Seven Stones of Hordron Edge stone circle actually consists of nine standing millstone grit stones and one recumbent stone, in a ring about 16m in diameter. In fact, counting all the smaller stones on site, there are twenty-three in total.
However, archaeological evidence has revealed that originally there may have been between sixteen and twenty stones. Unlike most of the other circles in the Peak District, Hordron Edge is a free-standing circle having no embankment. However, all the stones are typically Derbyshire in style, all being less than a metre in height.
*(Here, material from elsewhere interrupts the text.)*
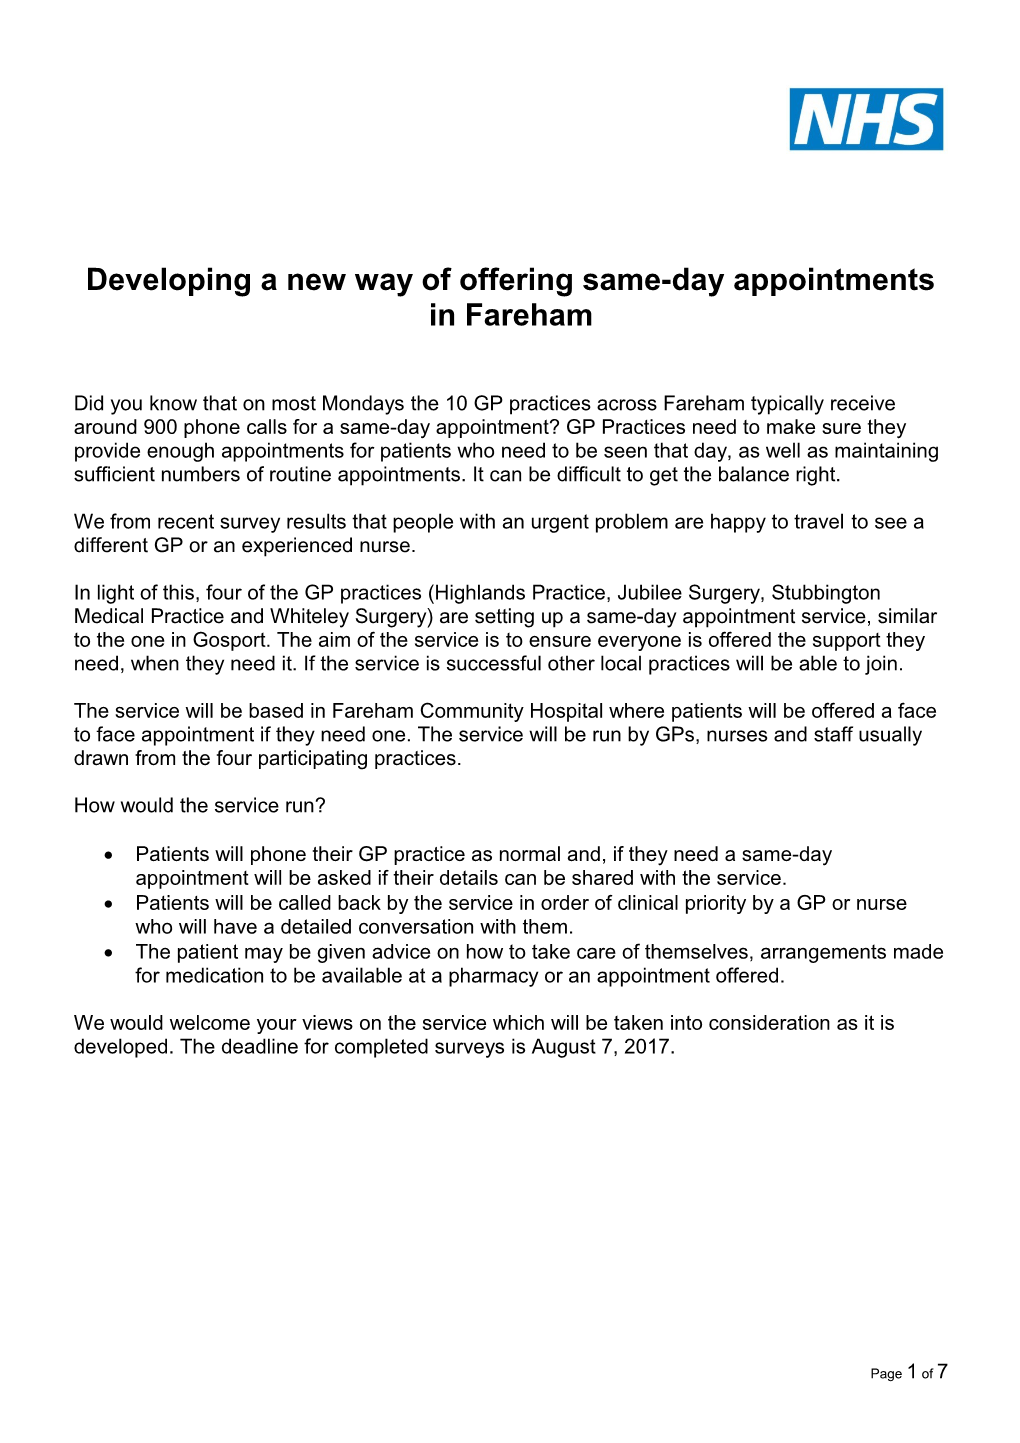 Developing a New Way of Offering Same-Day Appointments in Fareham
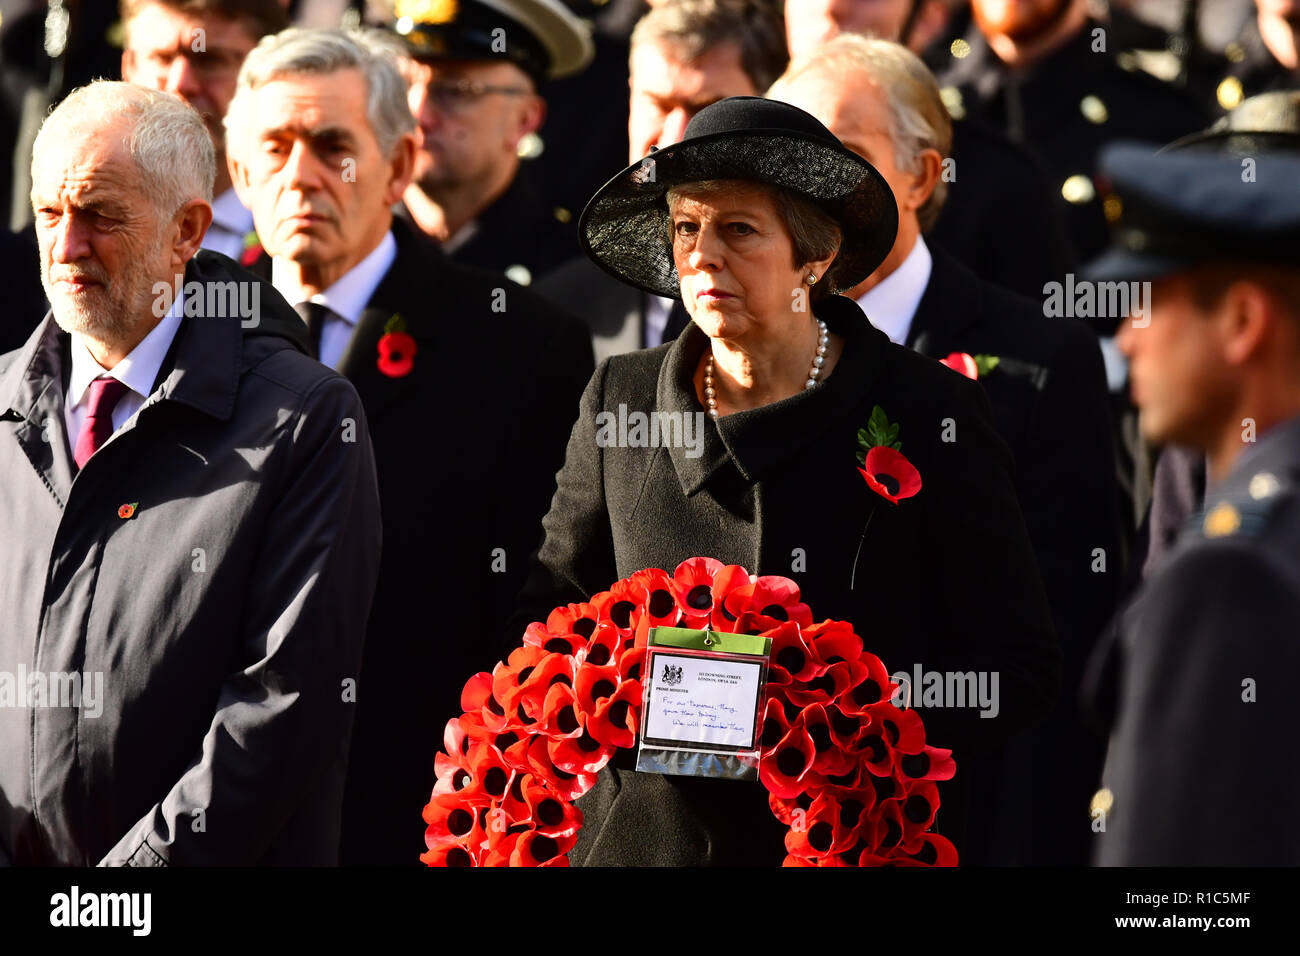 Jeremy Corbyn and Prime MinisterTheresa May during the remembrance service at the Cenotaph memorial in Whitehall, central London, on the 100th anniversary of the signing of the Armistice which marked the end of the First World War. Stock Photo

Again the largest stone stands to the south-west, but here it is only marginally taller than the others. Most of the stones show signs of weathering. The Seven Stones of Hordron also witnessed tampering by ‘persons unknown‘ in the early 1990s. In 1992 one of the stones, which had previously been buried was re-erected.
Following this, John Barnatt, Senior Survey Archaeologist for the Peak National Park Authority, in consultation with English Heritage, re-excavated the area around the new stone and undertook a survey of the whole circle. It was established that the previously buried stone was covered largely with peat, suggesting it had been covered for some time, perhaps falling in prehistory or deliberately felled in Medieval times when the site was used as a boundary marker.
During the 1992 excavation other buried stones, of a similar size to the orthostats, were discovered with between three and five new ones identified. Examination of the site also showed that it might have been terraced to create a level interior.
This procedure is also apparent at other Peak District sites, both embanked and free-standing, including the Nine Ladies and Stanton Moor III, Bamford Moor South, Barbrook I and Froggatt Edge stone circles.
The tallest stone of Seven Stones of Hordron Edge is known as the Witch.